Problem requirements
Transcribe exactly the lines from the one containing "TP-Link TL-SG1016D 16-Port Network Switch" through the end of the data, both included. Leave out pictures.

Provided material
# # #
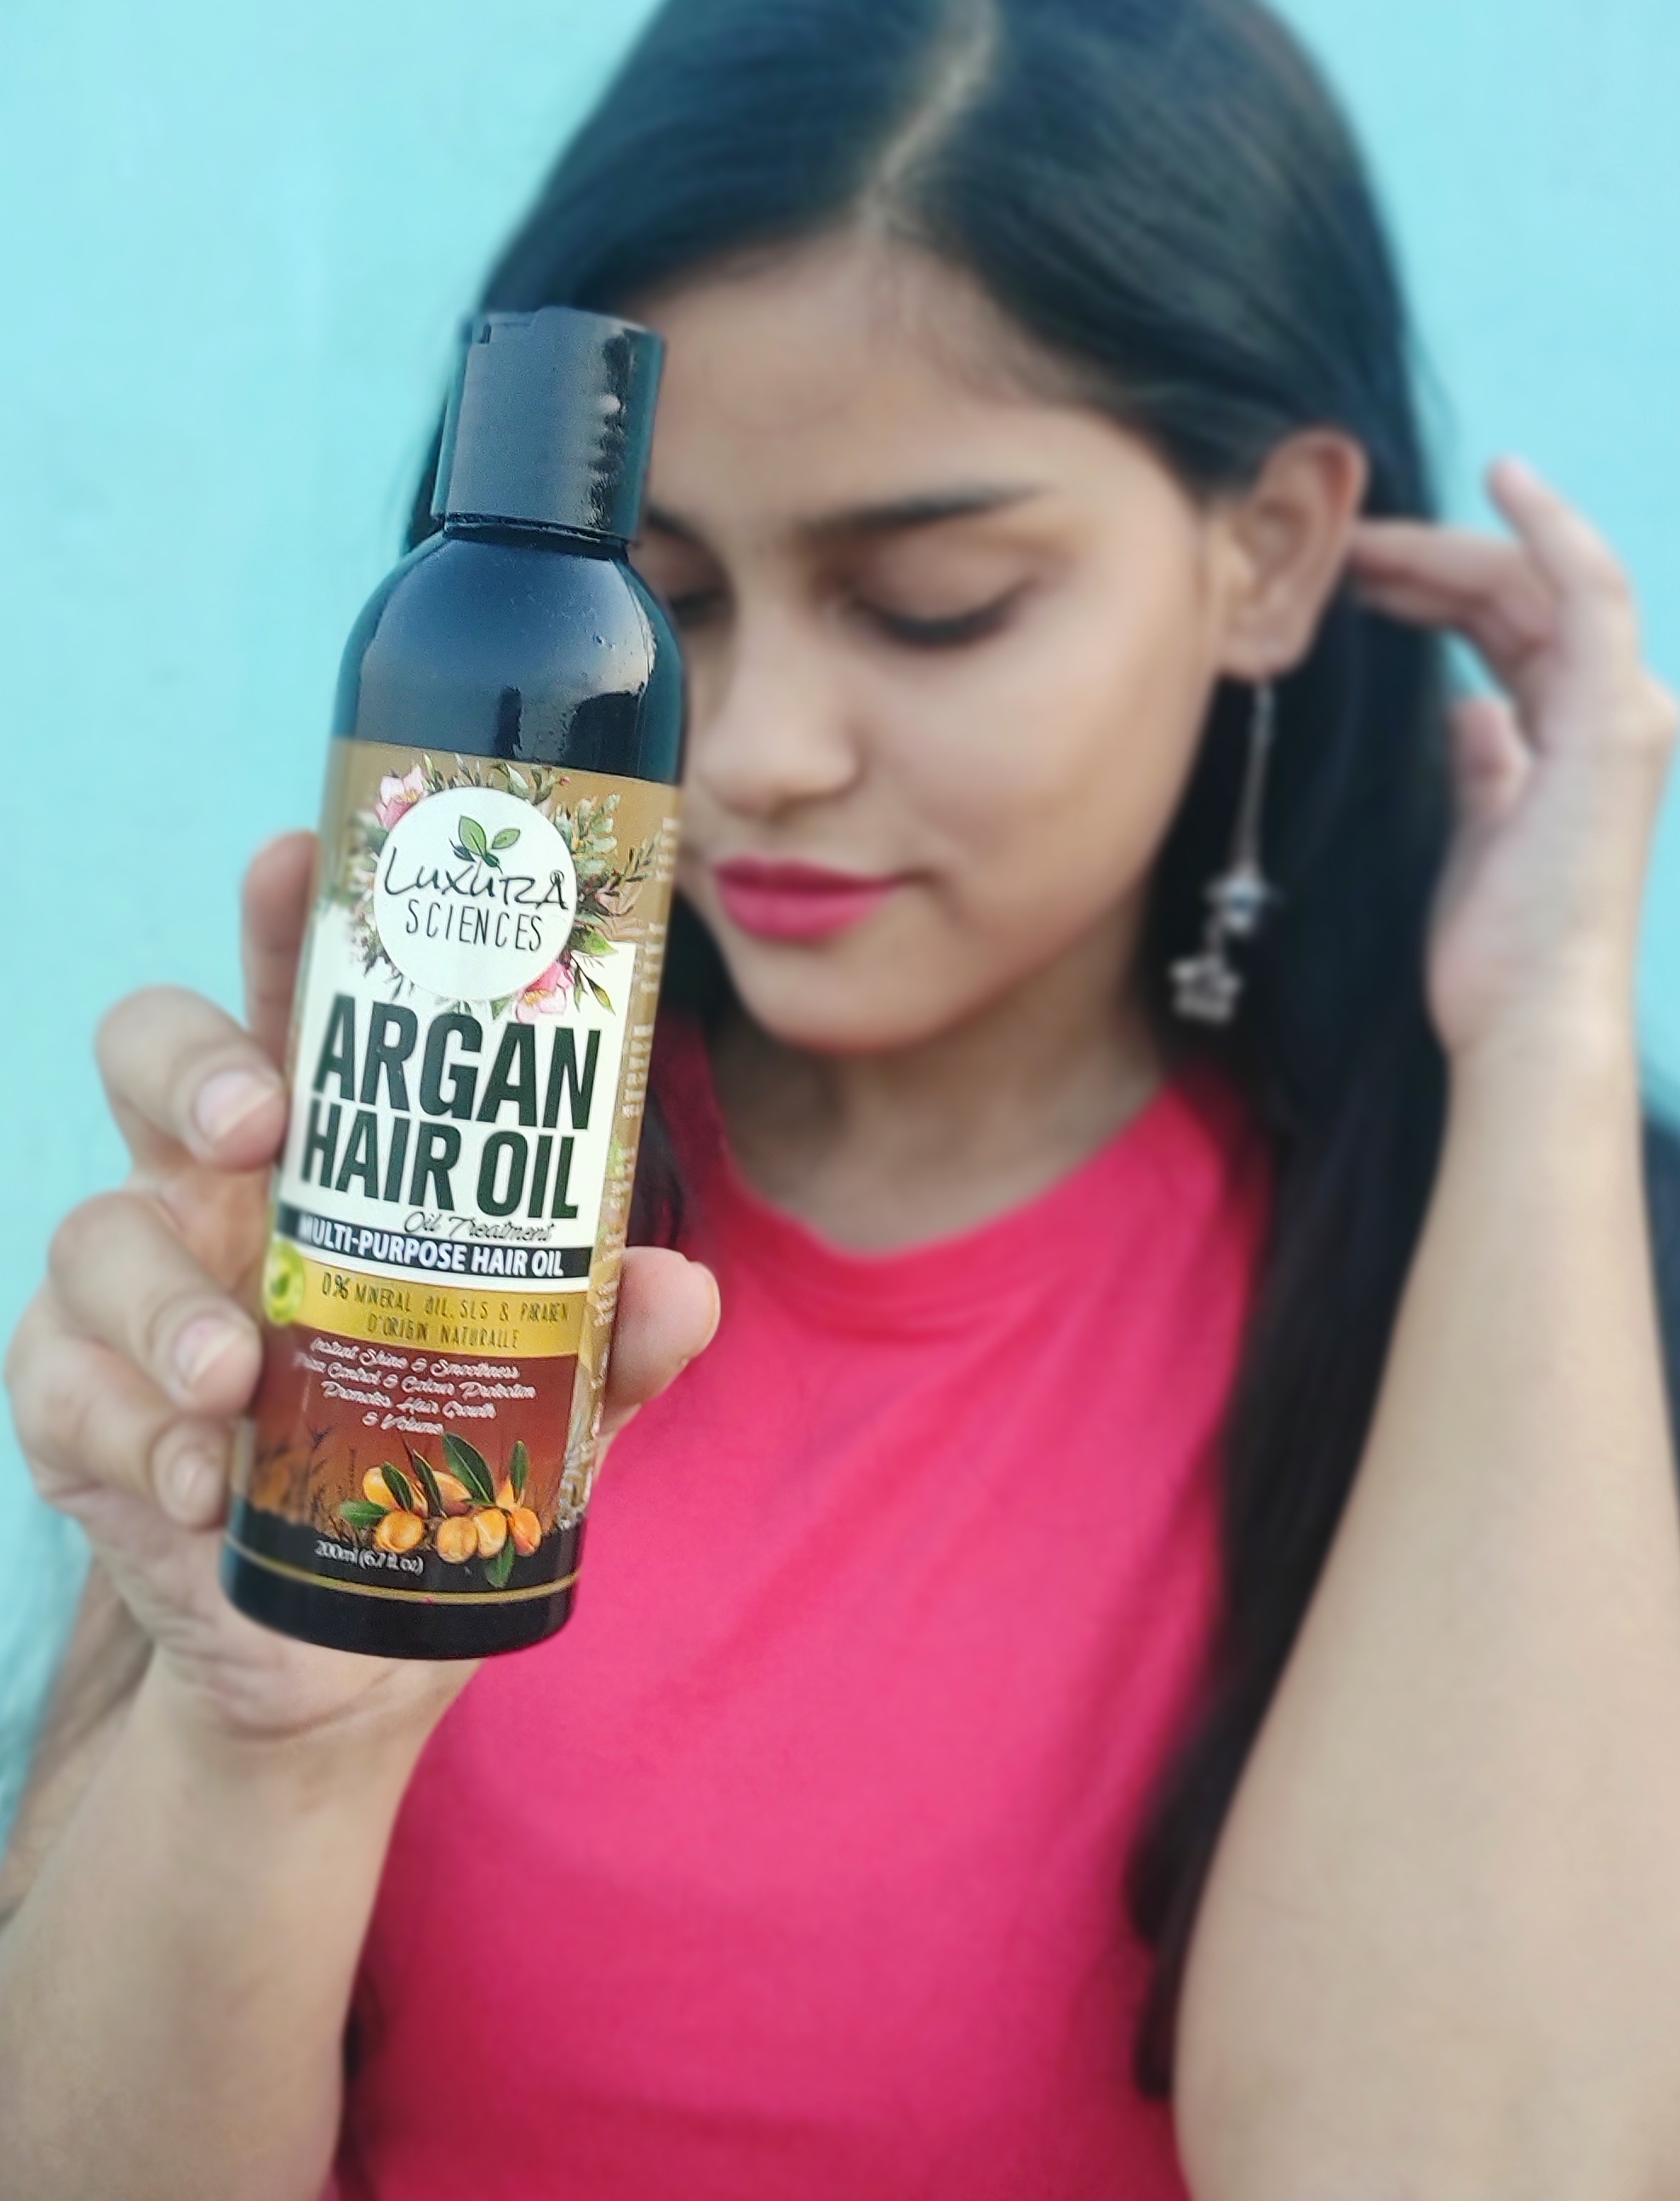 Luxura Sciences Argan Hair Oil 200 ml-Absolutely Loving-By shireenjamil-1
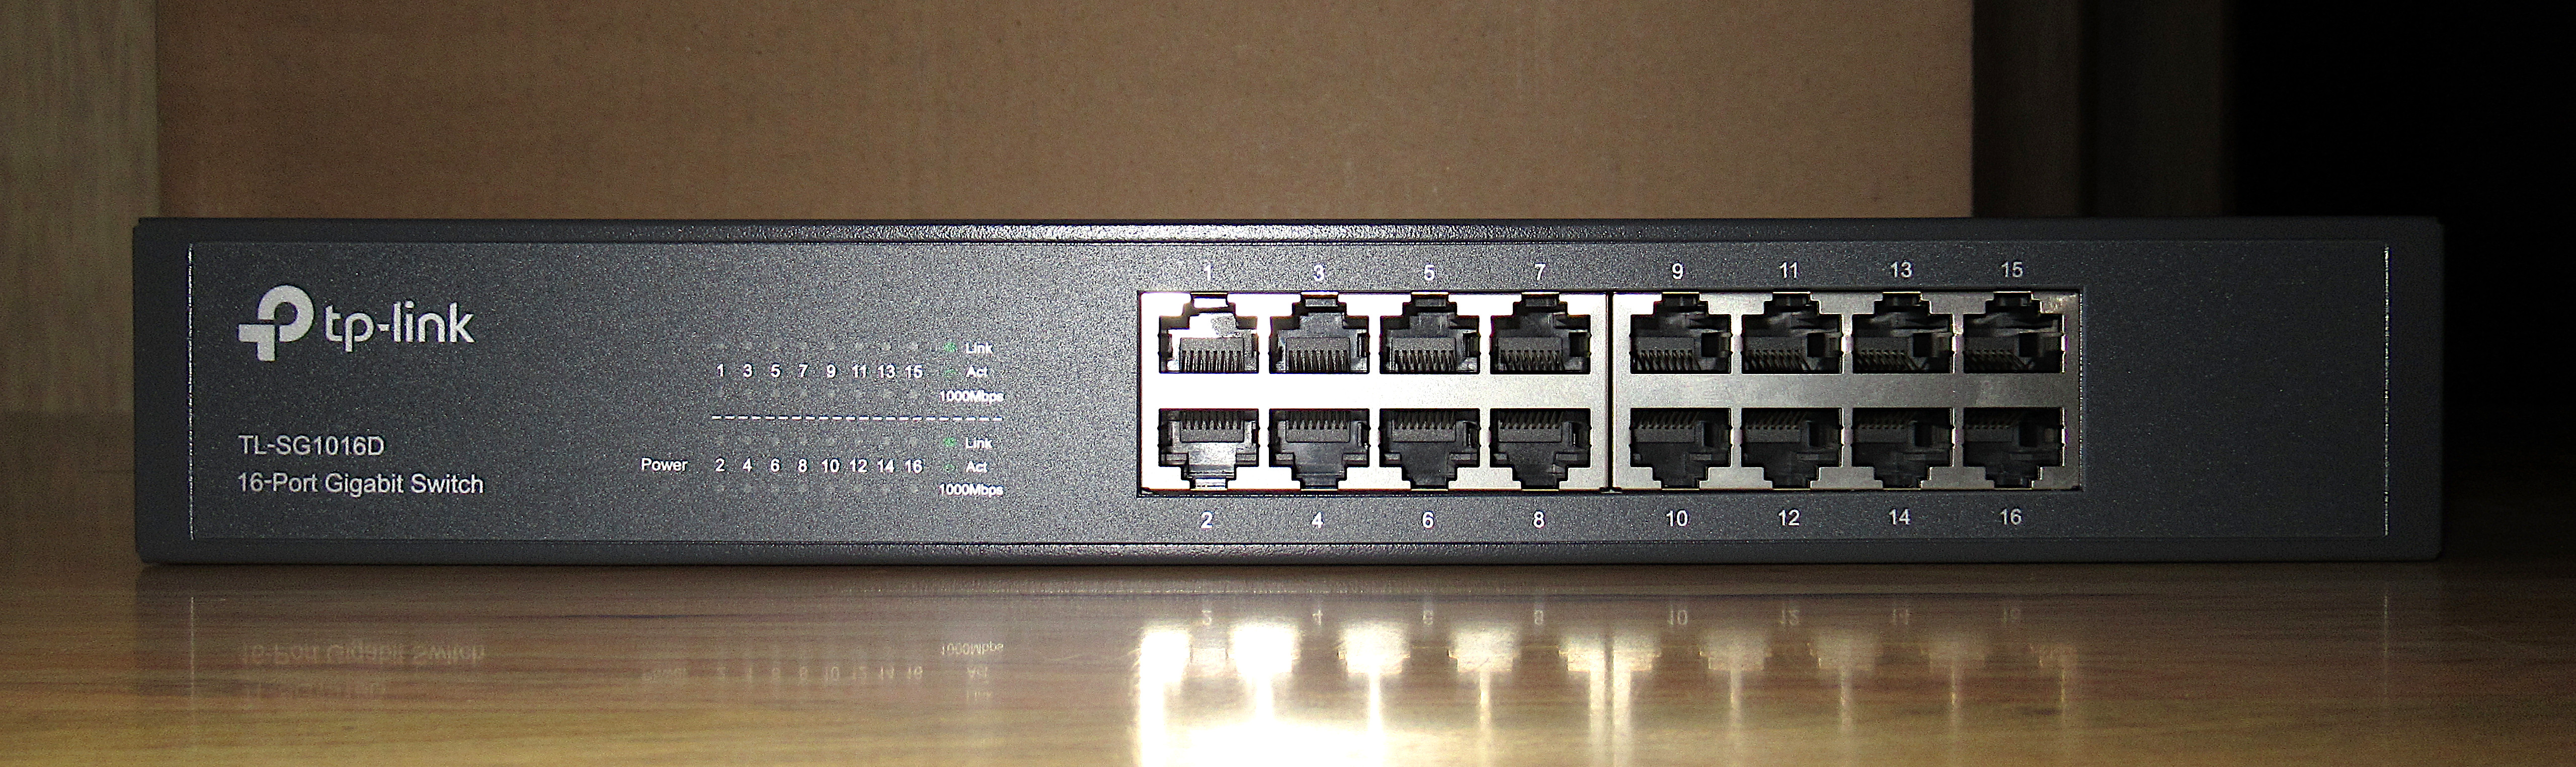 TP-Link TL-SG1016D 16-Port Network Switch
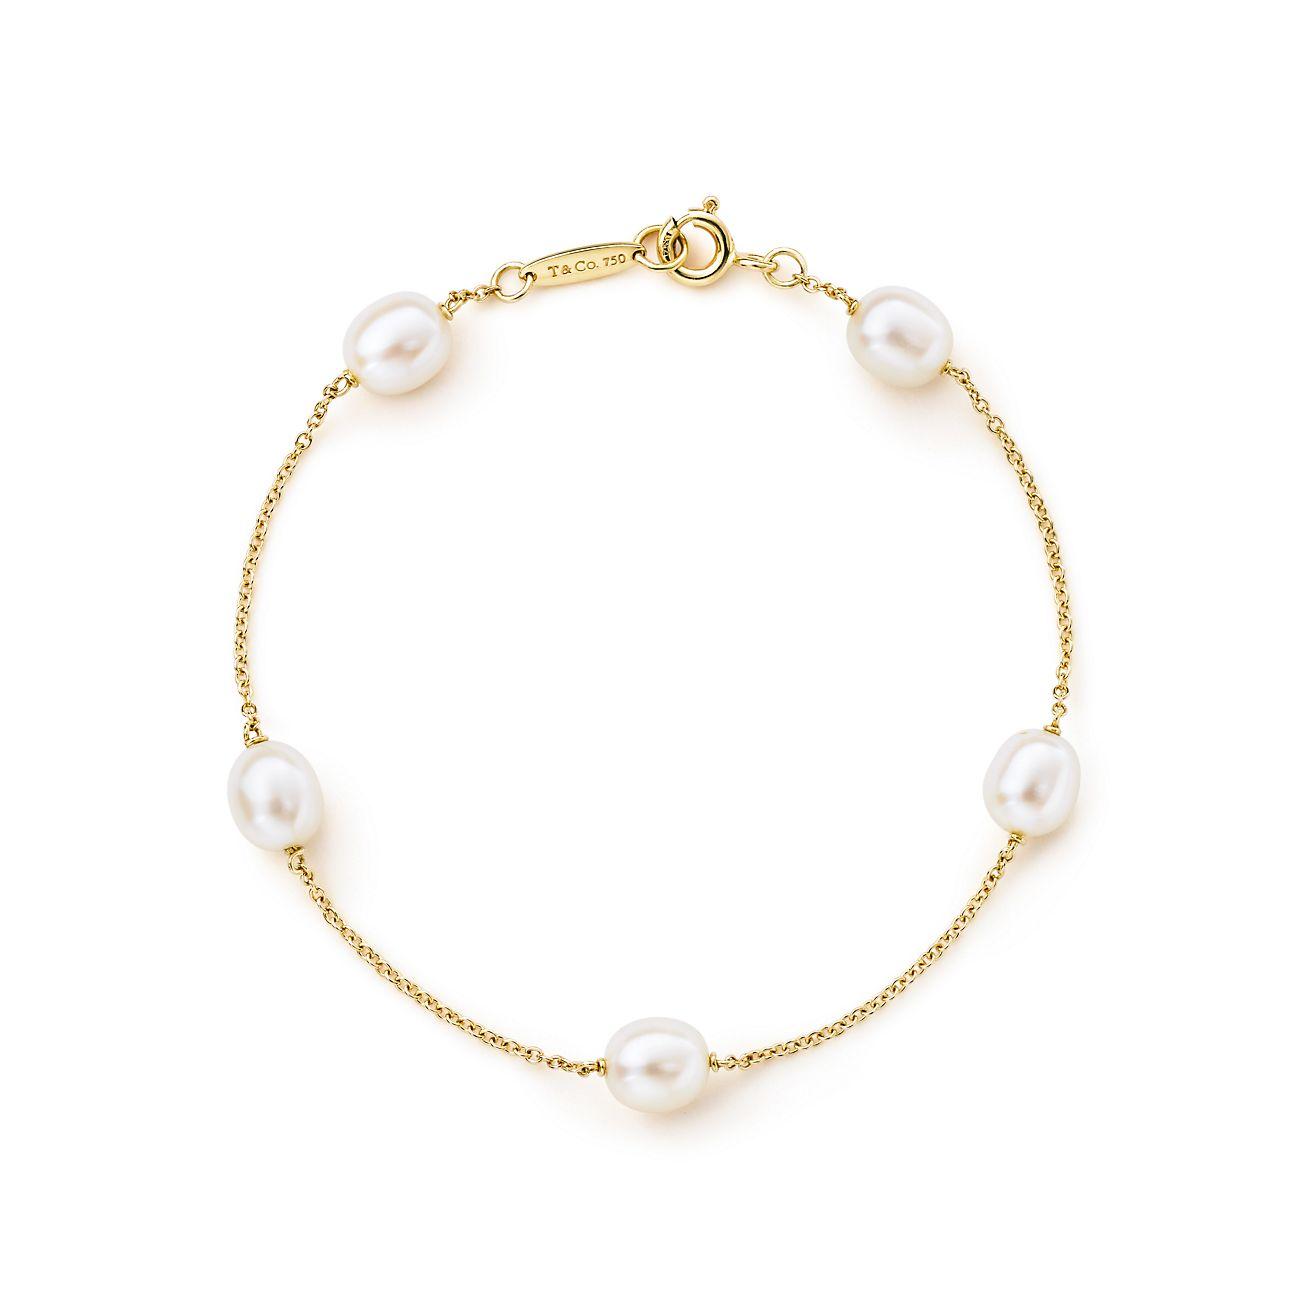 Elsa Peretti Pearls by the Yard bracelet in sterling silver - Size Tiffany & Co.
# # #
Your solution
 TP-Link TL-SG1016D 16-Port Network Switch
 Elsa Peretti Pearls by the Yard bracelet in sterling silver - Size Tiffany & Co.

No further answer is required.